Son was alarmed over salaries for father's nurses
Chris Marder testified Tuesday that he had asked his father's accountant to keep an eye out for unusual checks written by his wealthy father.
The accountant told him in 2005 that the salary his father was paying his head personal nurse, Mary Williams, was "going through the roof," he said.
The testimony came during the second day of Williams' trial in Lake County circuit court on charges of financial exploitation of an elderly person.
Williams, 70, of Reno, Nev., is charged with using her position as an employee of S. Edward Marder since 1992 to enrich herself at the expense of an ailing man she manipulated.

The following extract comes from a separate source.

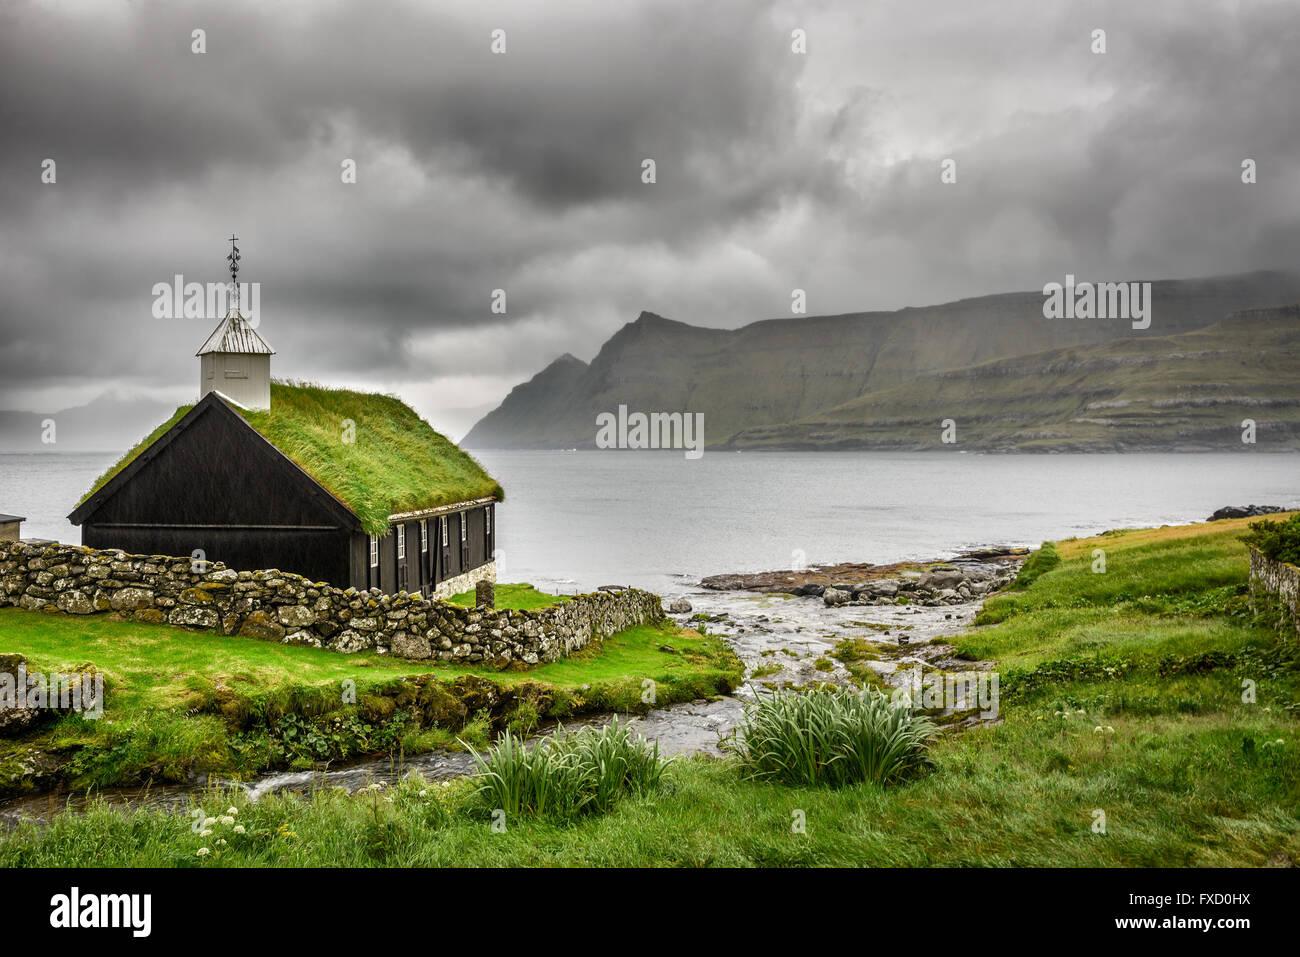 Piccolo villaggio chiesa in Funningur sotto le nuvole pesanti. Funningur è situato sull'isola di Eysturoy, Immagini Stock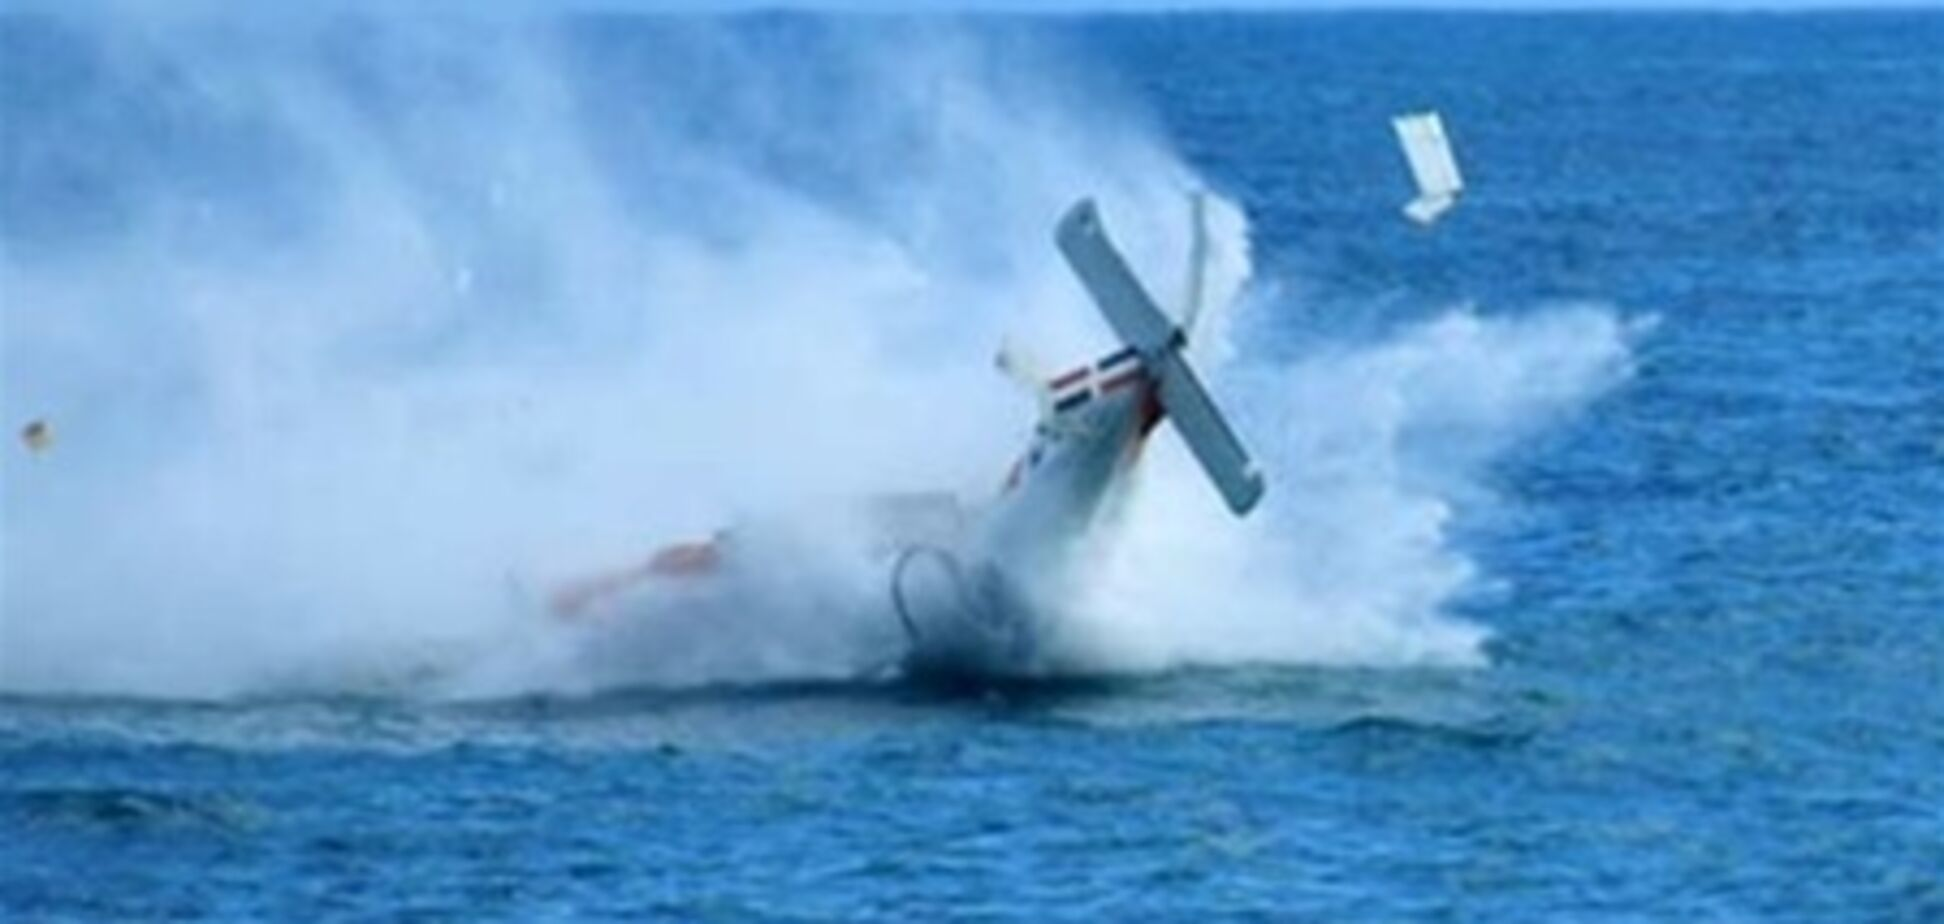 Самолет ВМС Китая рухнул в море во время тренировки

Answering questions from Assistant State's Attorney Christen Bishop, Marder said his father had as many as six nurses employed, first to care for his wife who died in 2002.
Williams was the head nurse and had ingratiated herself into his father's personal finances to the point where she was writing most of the checks to pay household expenses.
In 2004, prosecutors say Williams was paid a salary of $459,000 and Marder decided to exercise some oversight into his father's spending.
After monitoring skyrocketing household expenses for more than a year, Marder said he obtained an order of protection against Williams and two other nurses that barred them from entering his father's Highland Park house.
Not long afterward, he said, jewelry and art belonging to his father and late mother were found at Williams' house in Reno.
But defense attorney Thomas Breen of Chicago had Marder go through a list of trips his father had taken in 2004 and 2005, which included a several-weeks stay in Naples, Fla., and nearly a month in Palm Beach.
S. Edward Marder, who died in 2007, stayed at the finest hotels when he traveled, Breen pointed out to Marder, and because the nurses traveled with him they did as well.
Breen suggested to Associate Judge George Bridges, who is hearing the case without a jury, that Williams' salary was increasing dramatically because Marder was paying her for the time she spent on the road with him.
Williams faces up to 15 years in prison if convicted, but would also be eligible for probation.
Testimony is expected to continue today.